И как я здорово играю после исчезновения Наташи!.. Сочиняю свои корреспонденции, хожу с коллегами развлекаться, звоню по телефону друзьям в Италию, обедаю в ресторанах. Будто ничего и не случилось. Единственное, чего не делаю, это больше не ищу женщин, хотя в Москве этих возможностей хоть отбавляй.

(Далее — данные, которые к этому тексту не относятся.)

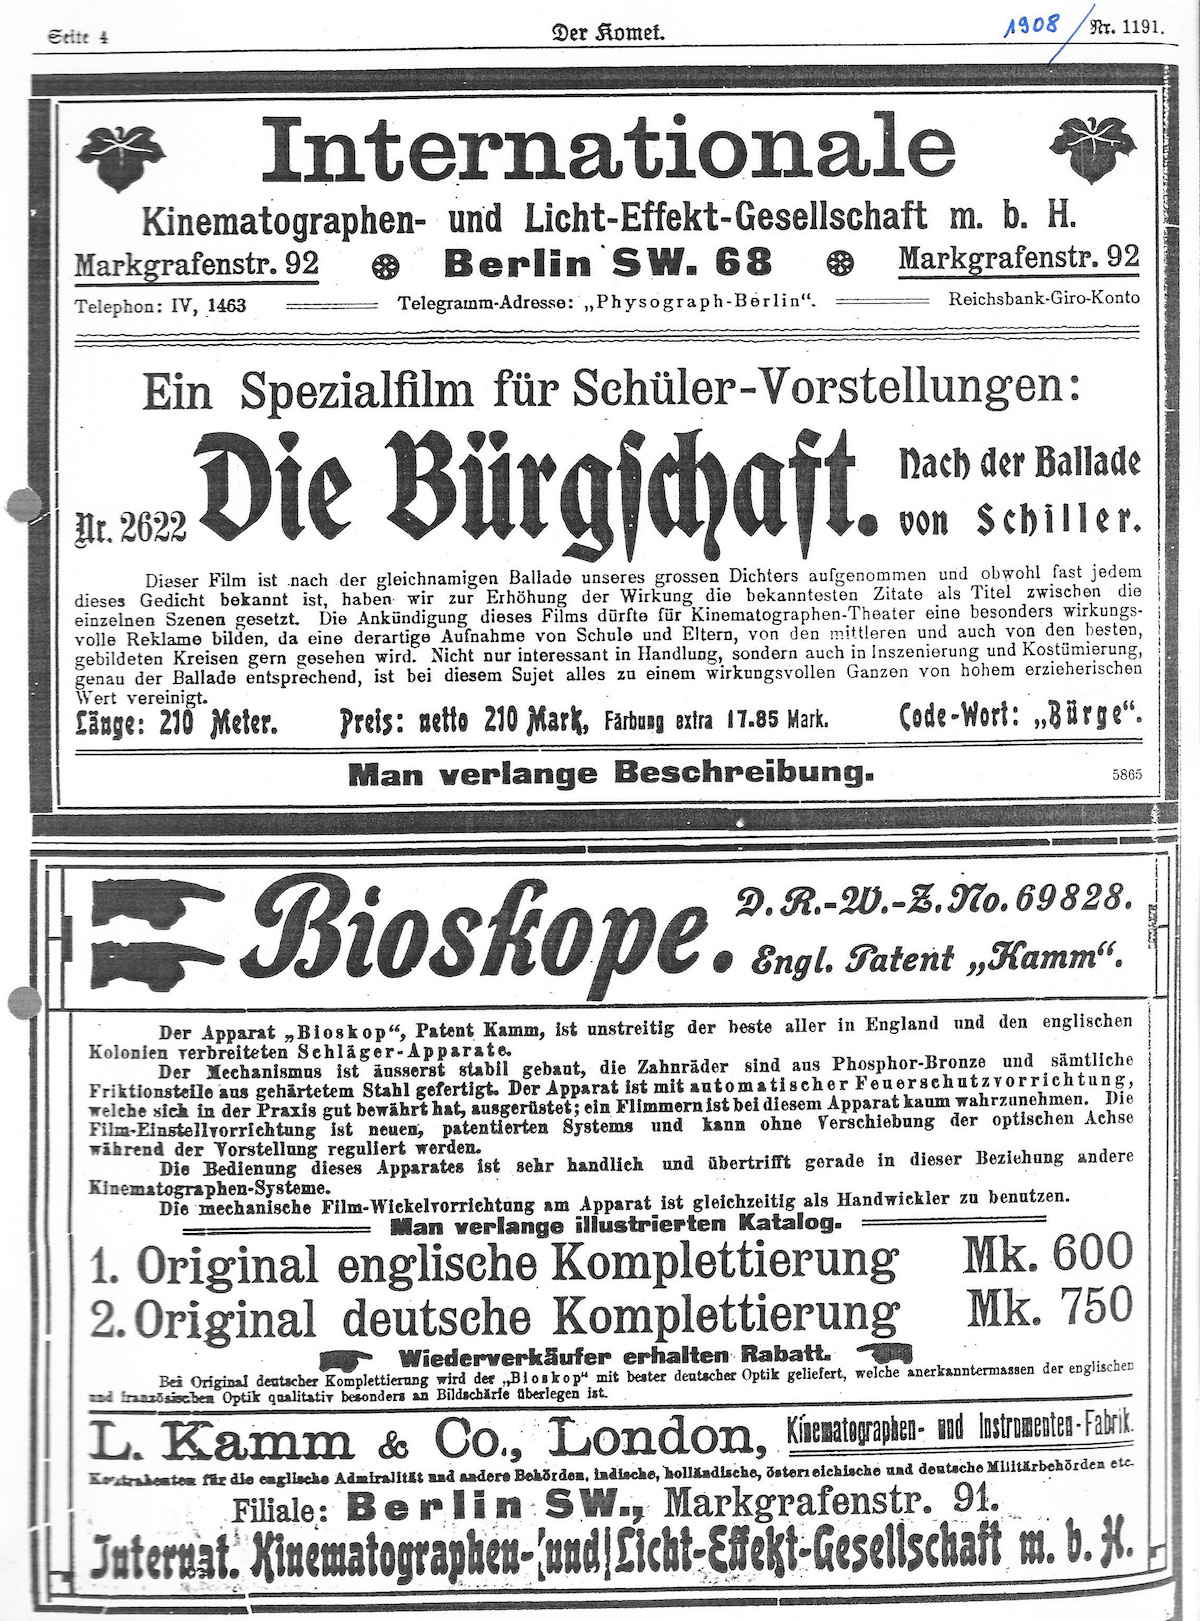 Schaefer Kinder und Jugendfilme Weimarer Republik abb1 Der Komet 1191 1908 Kopie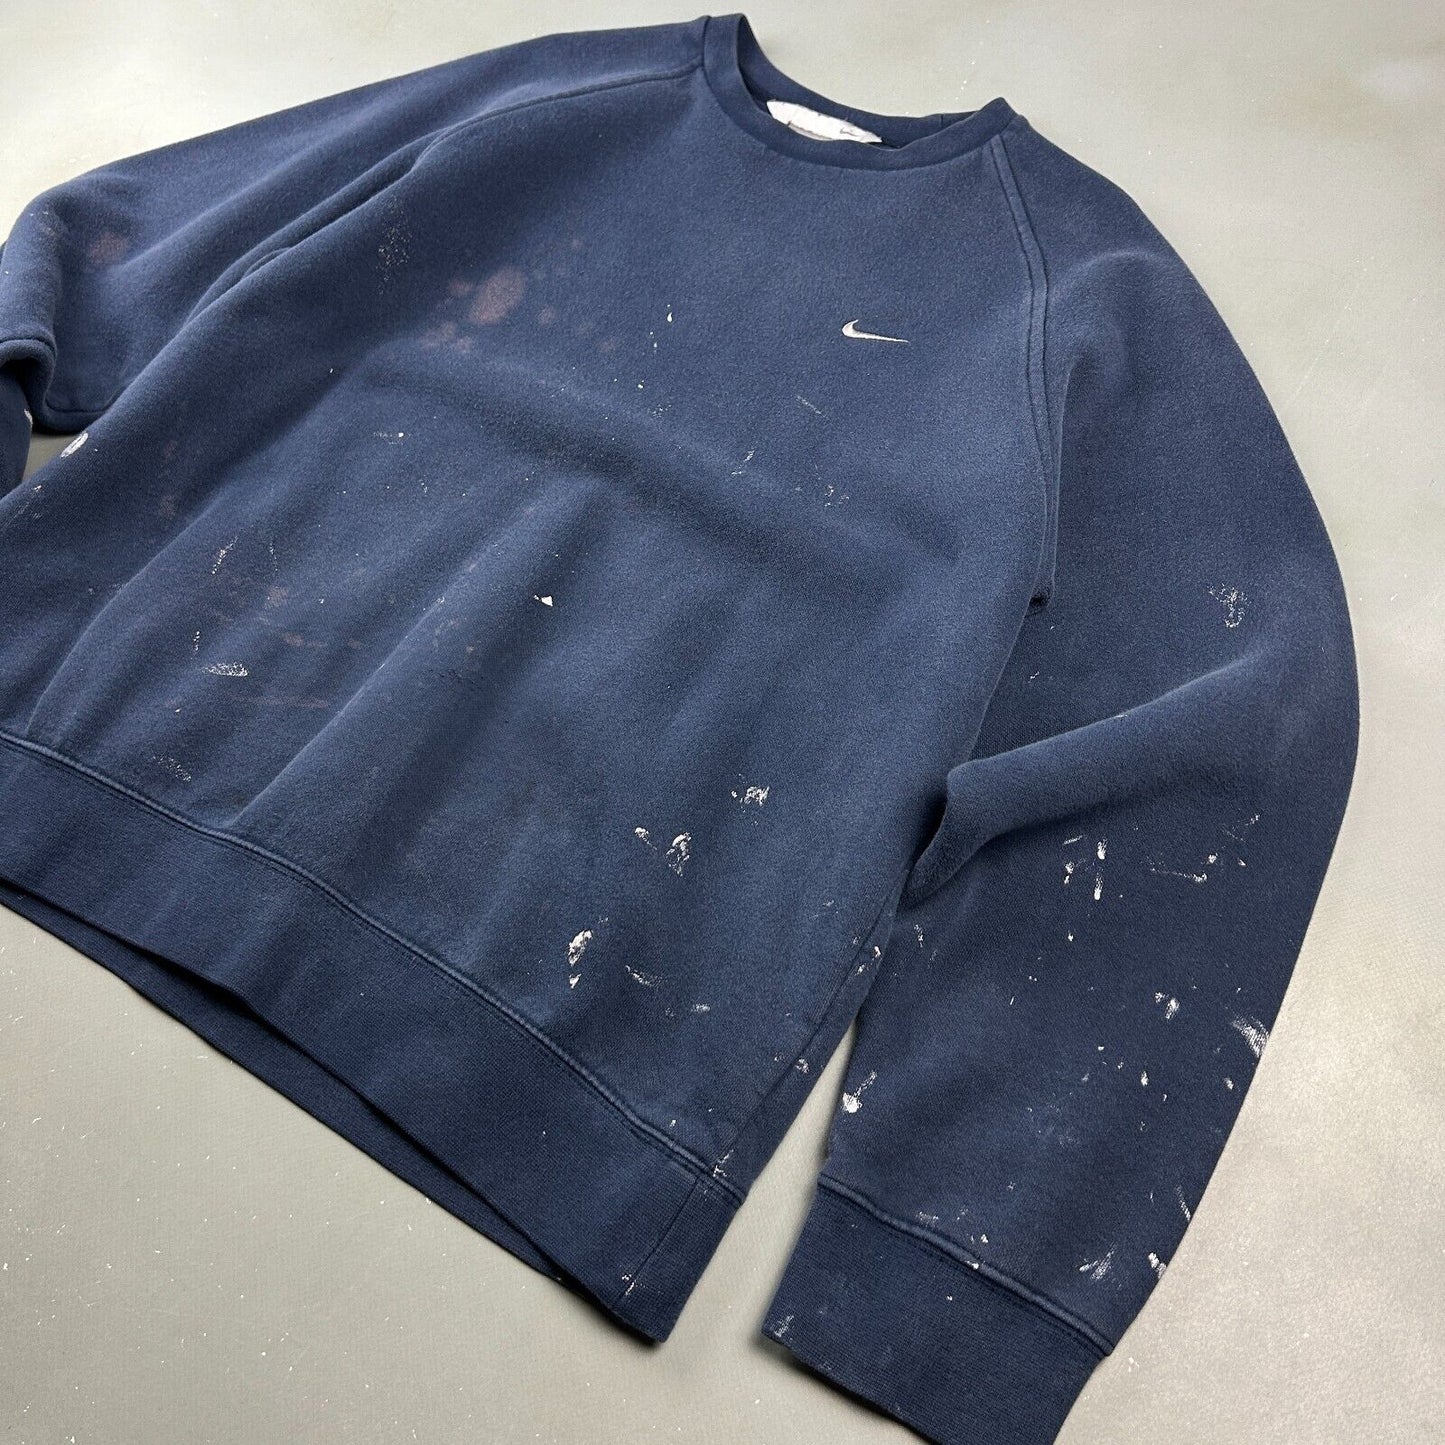 VINTAGE | NIKE Sm Swoosh Paint Splattered Navy Crewneck Sweater sz M Adult

Однажды вечером смотрю выступление Президента по телевидению. Он обращается с речью к стране, последней, перед отъездом на отдых. Несомненно Президент его вполне заслуживает после такого трудного года. Он спокоен, ничем не омрачен. Чувствует, что победил, добился своего. В его добродушном лице вновь улавливаю знакомые черты своего дядюшки, мне снова кажется, что я люблю его, как близкого родственника. Про себя поздравляю его, шлю лучшие пожелания, пусть, Президент, у тебя всегда все будет благополучно, пусть с тобой больше ничего не случается, никто больше не навяжет тебе нового поворота вправо… Но когда думаю о том, что он отправляется отдыхать с женой, детьми, внуками в Крым, на эту пышную, роскошную дачу, обошедшуюся в двадцать миллионов долларов, когда страна его голодает… Когда думаю о выложенных мозаикой в ванной комнате павлинах с распущенными хвостами, образующими круги, о которых рассказывала Наташа, и об украденных изразцовых плитках, о КГБ, охотившемся много недель за вором по всему Крыму, чтоб найти пропавшего павлина… Тогда он уже не напоминает мне дядюшку, а кажется современным императором, упивающимся роскошью, почестями и властью… Знаю, что невозможно только любить и только ненавидеть, есть великое множество промежуточных оттенков и нюансов чувств, но я все равно никак не могу этого переварить. Меня от этого тошнит.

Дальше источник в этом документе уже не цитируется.